Data excerpt =
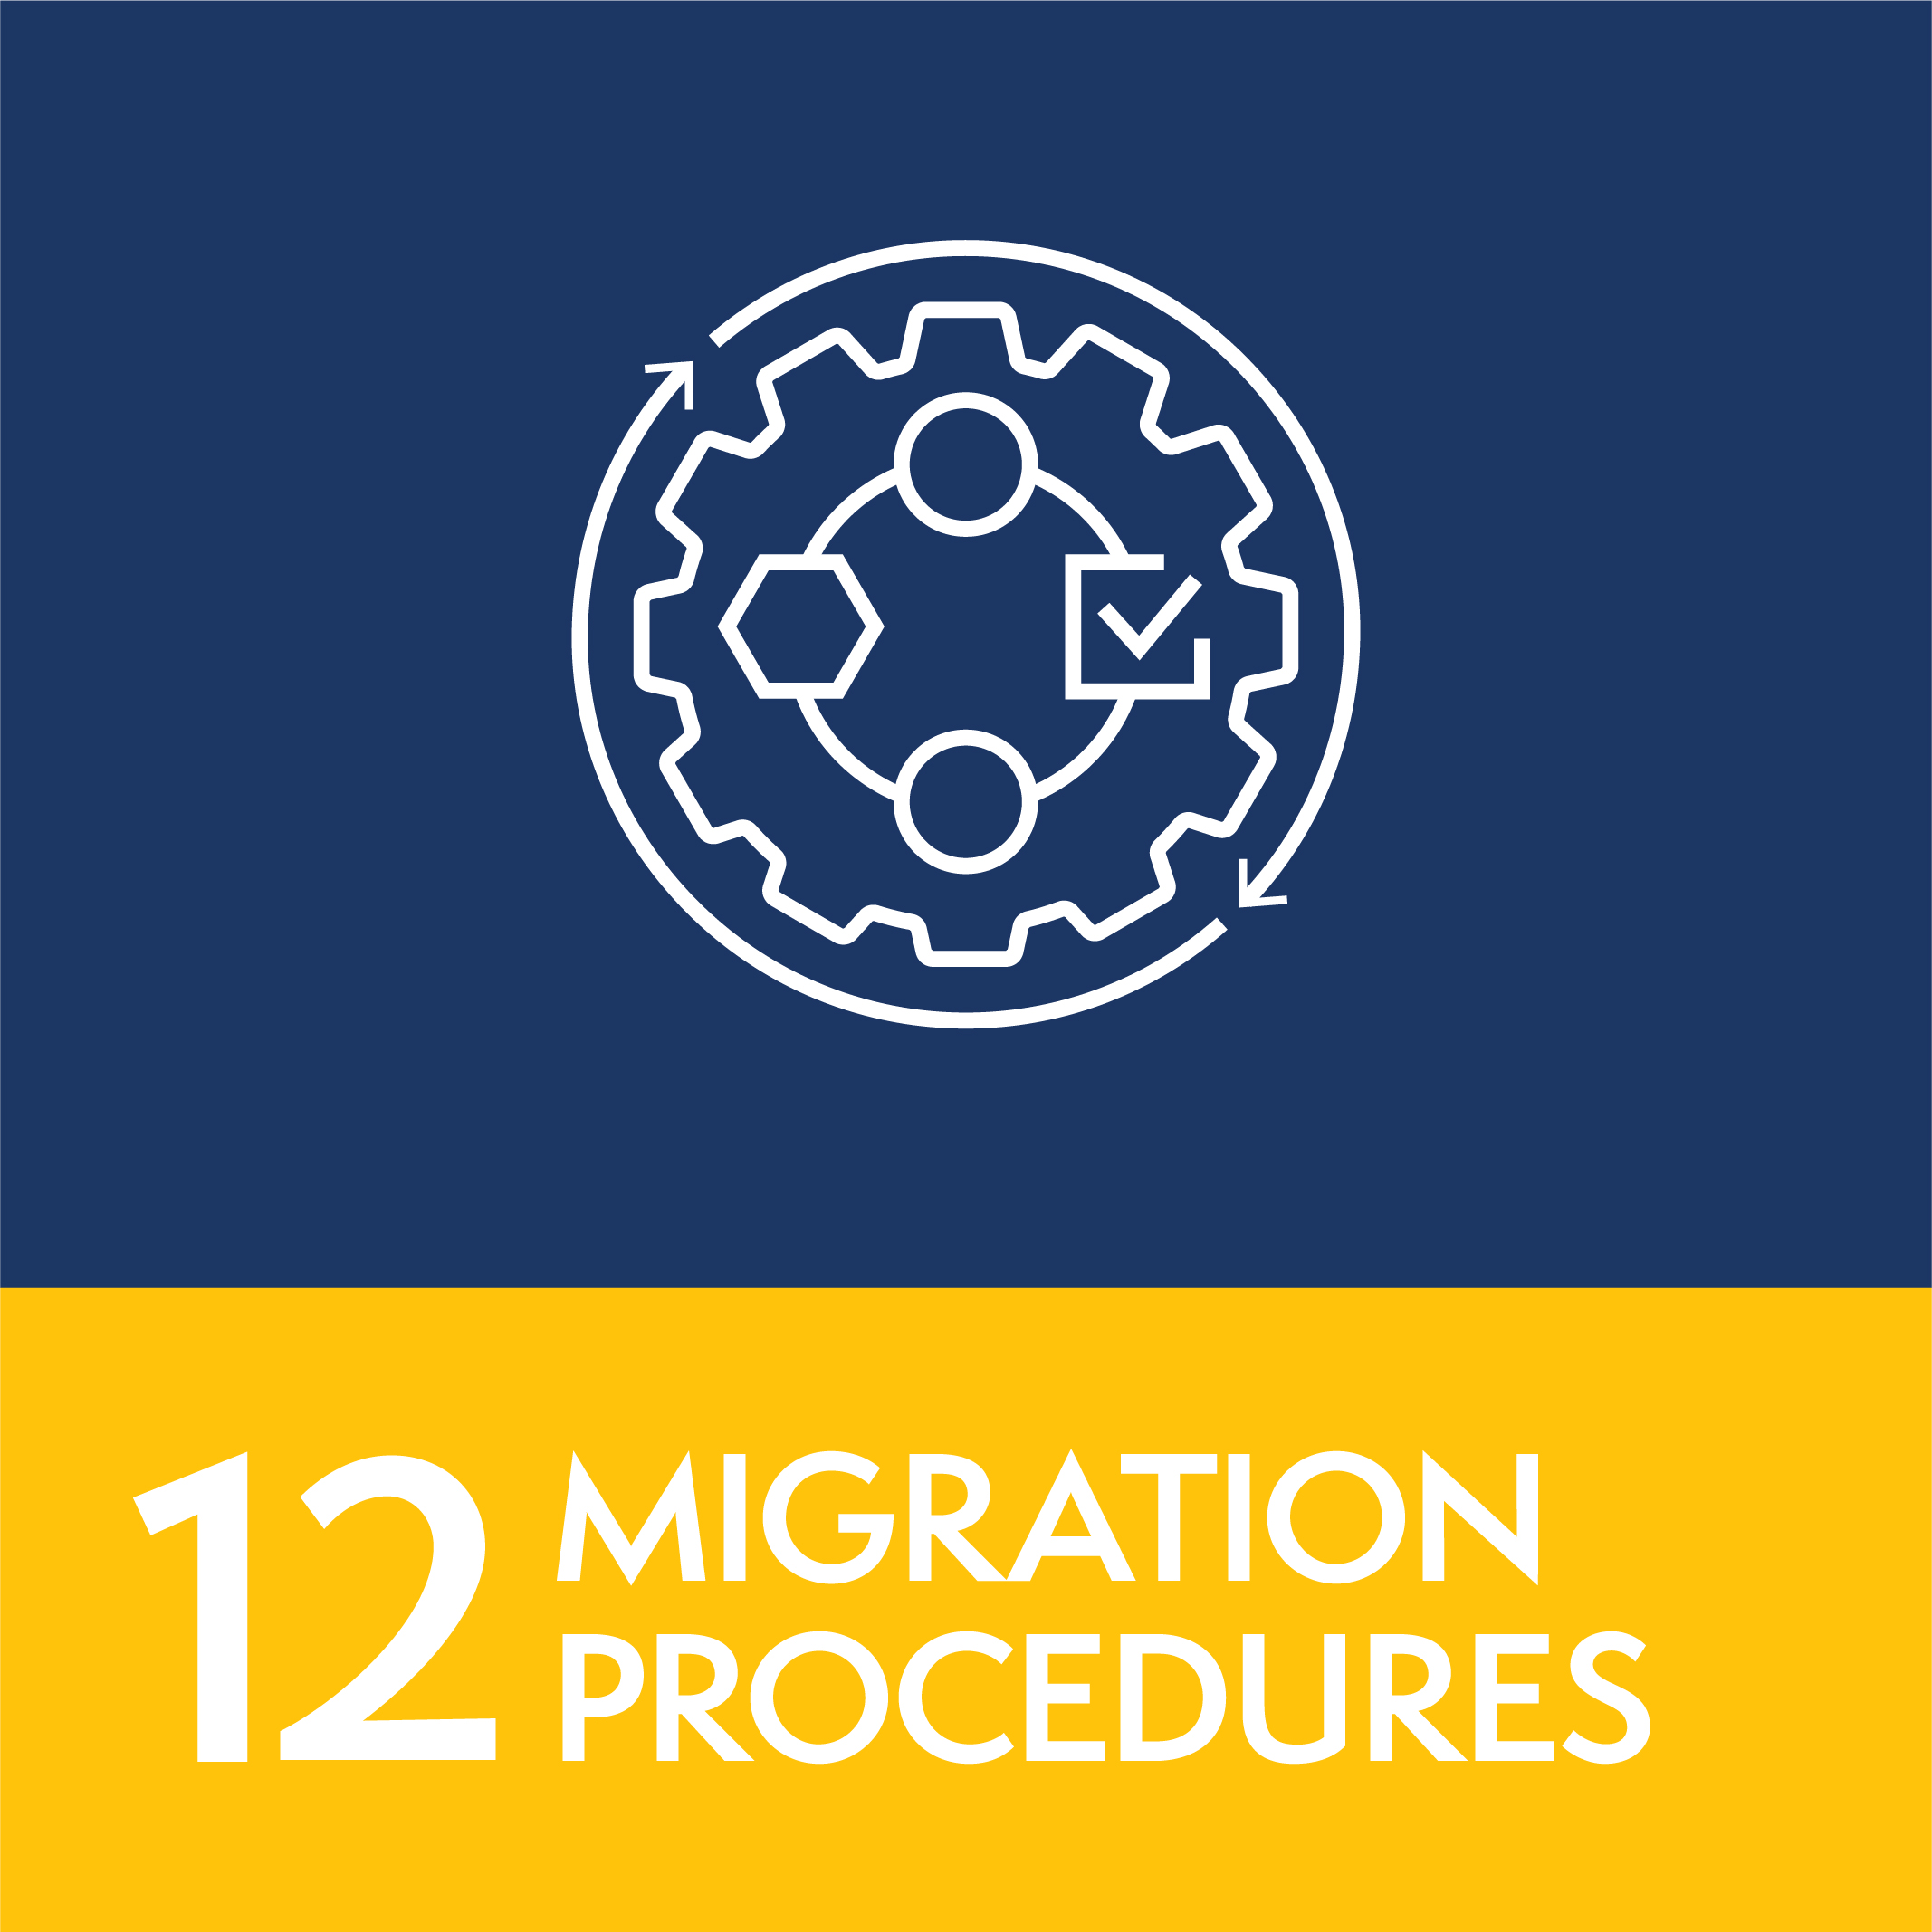 12 - Migration procedures
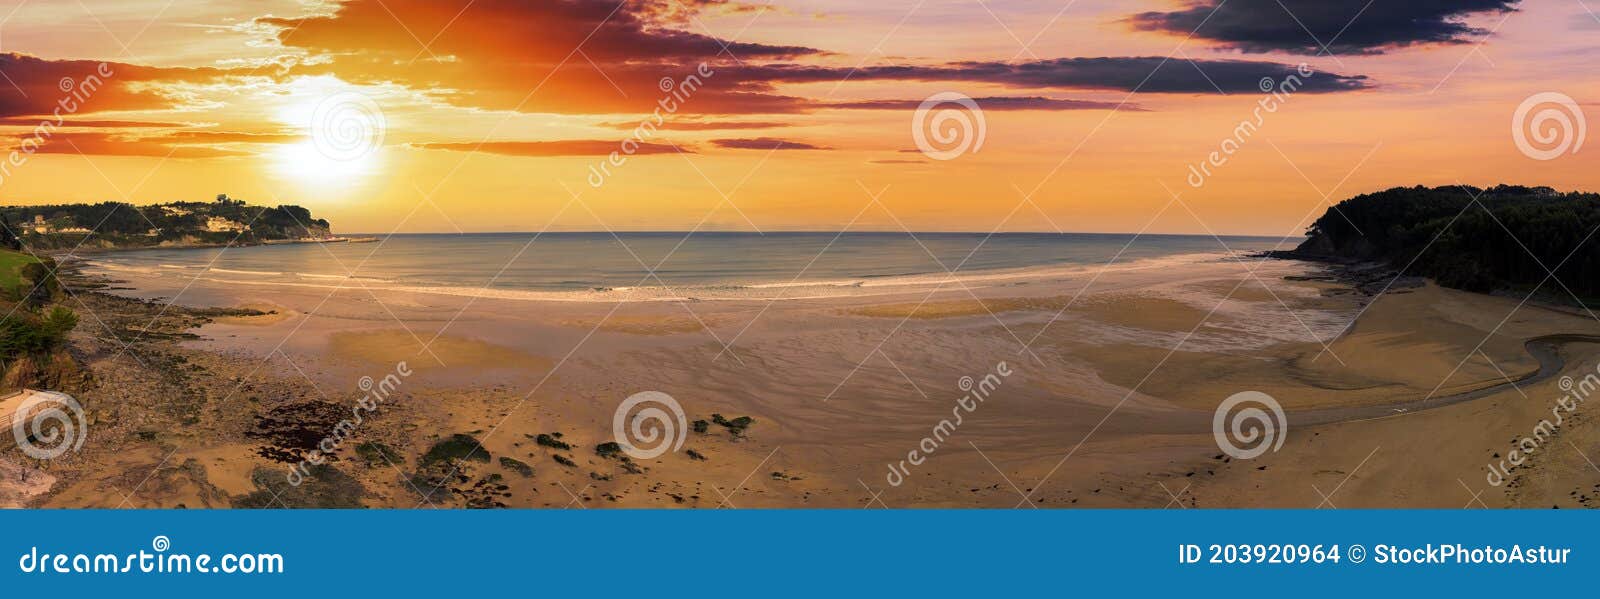 beach, playa de la griega in asturias, spain
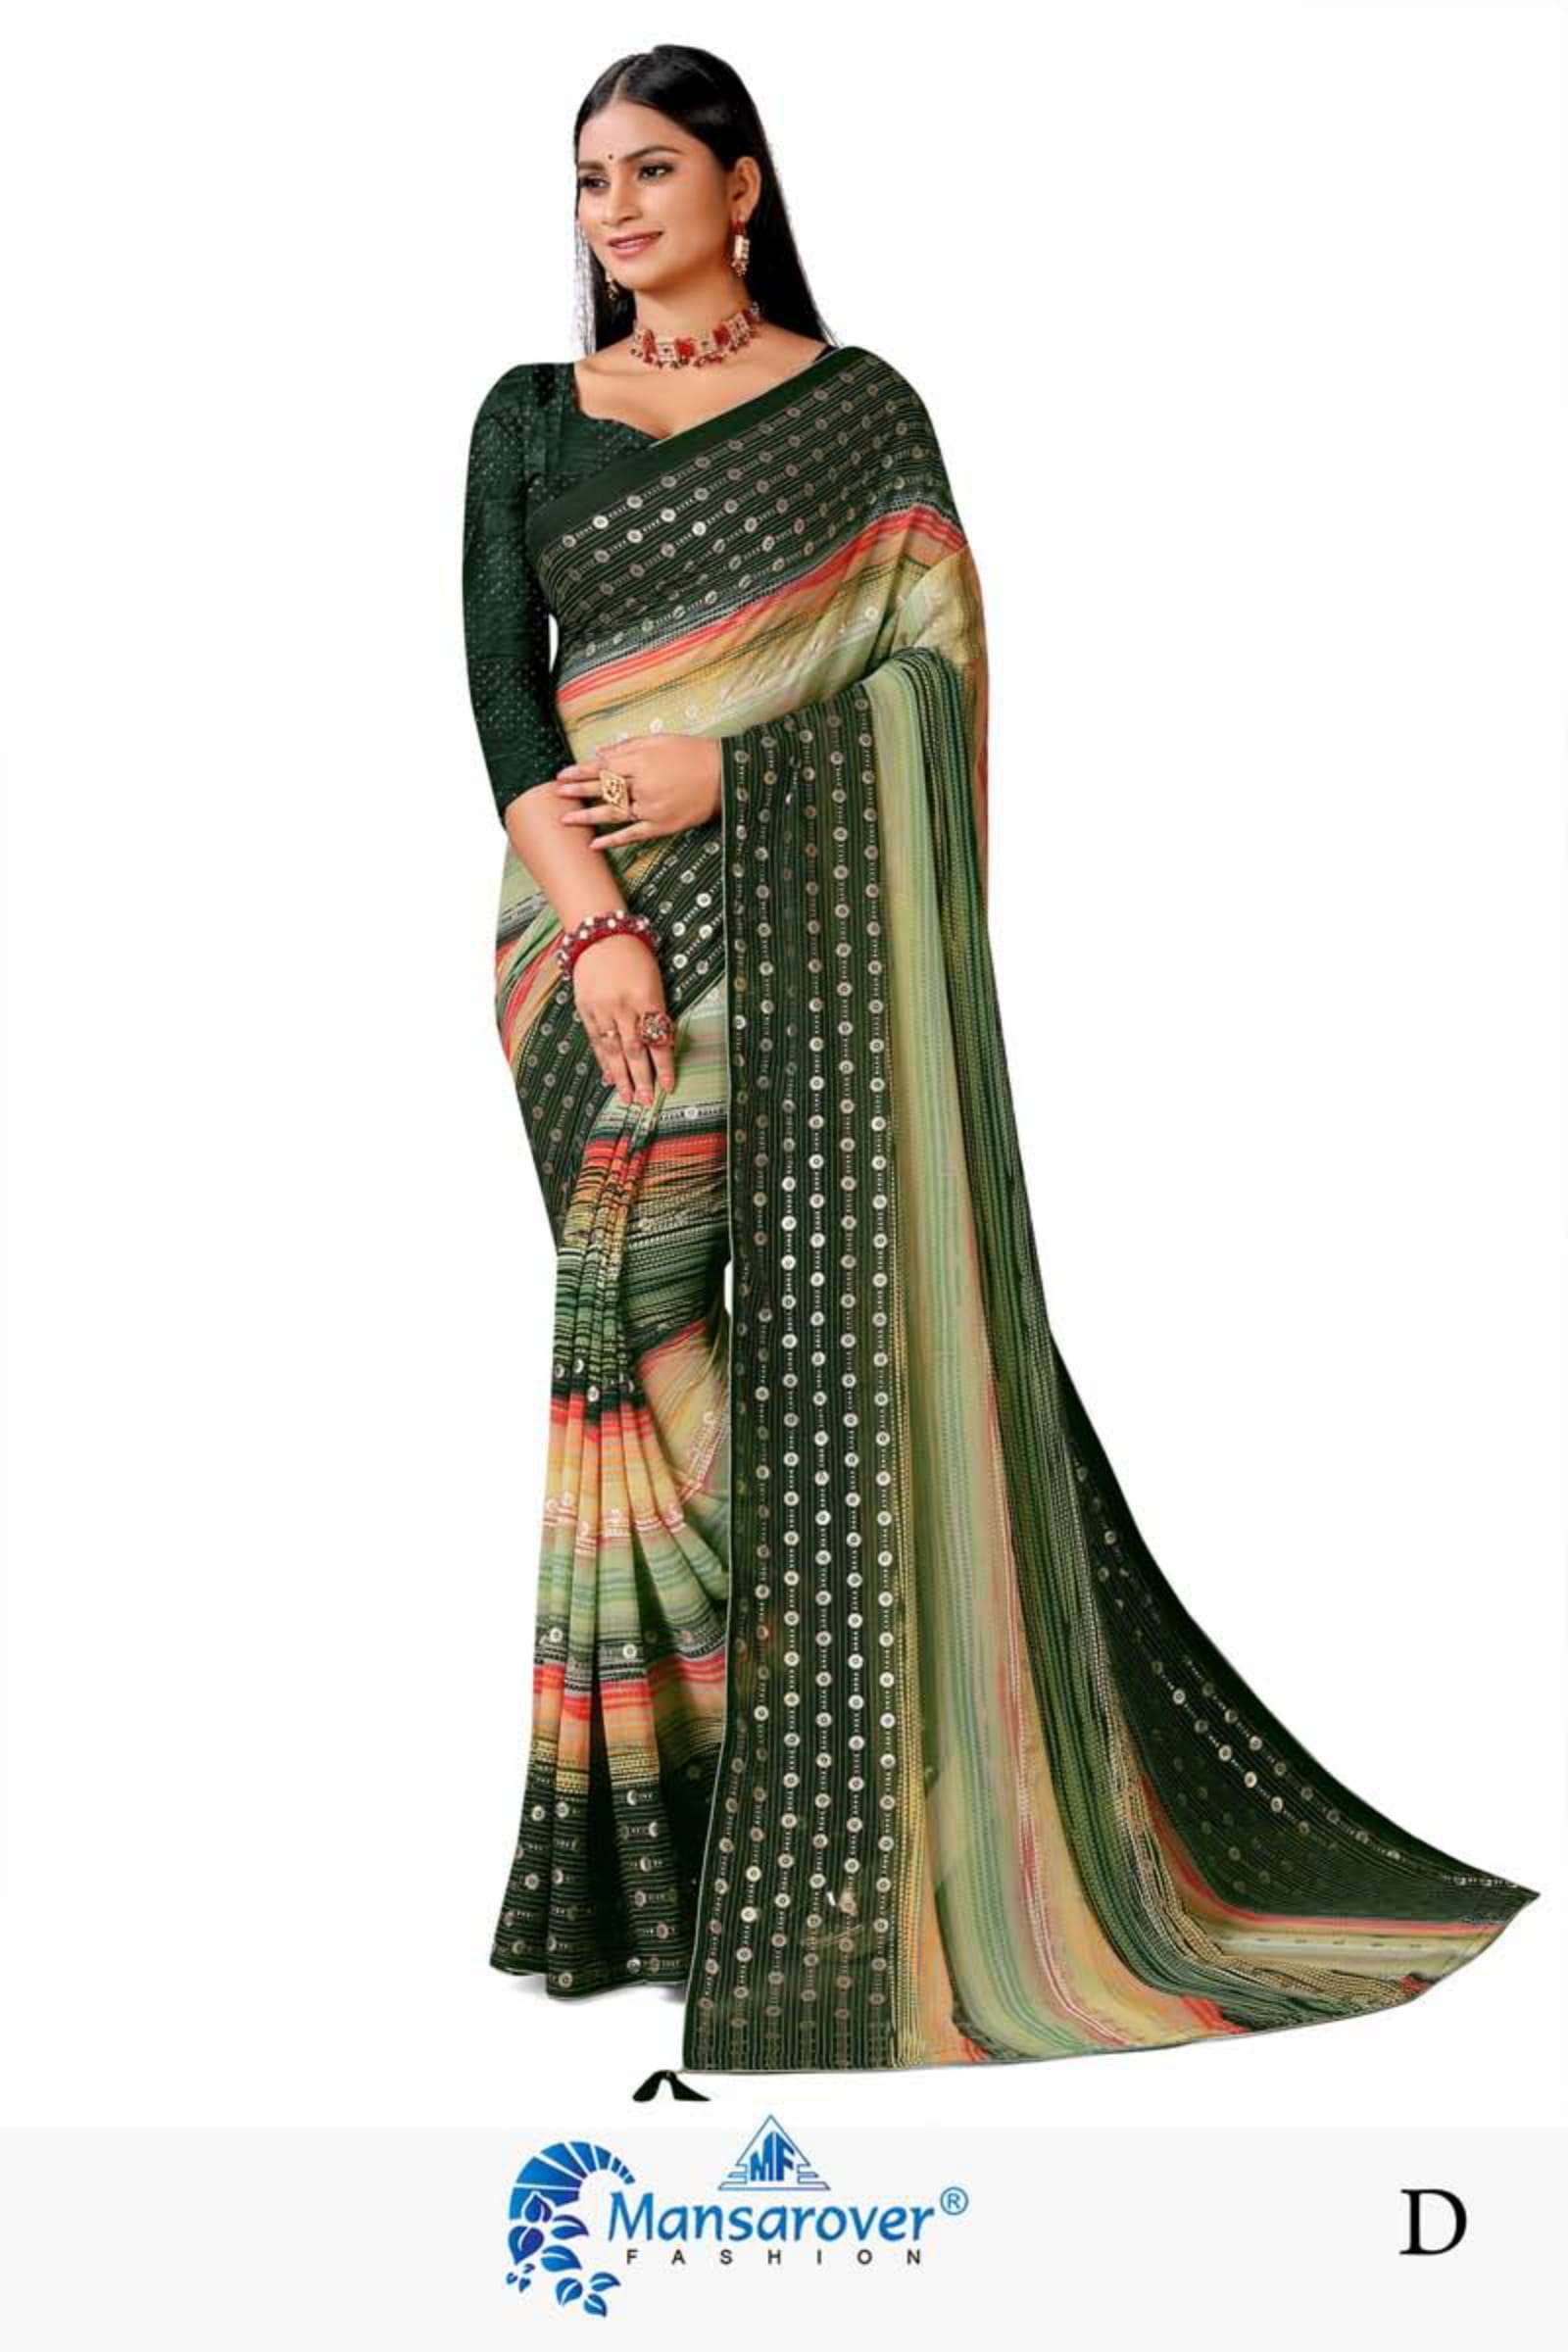 mansarover fashion kamakshi weightless saree

Work to complete =
The whole listing above is to be printed again exactly; pictures stay out of it.

Reply =
 12 - Migration procedures
 beach, playa de la griega in asturias, spain
 mansarover fashion kamakshi weightless saree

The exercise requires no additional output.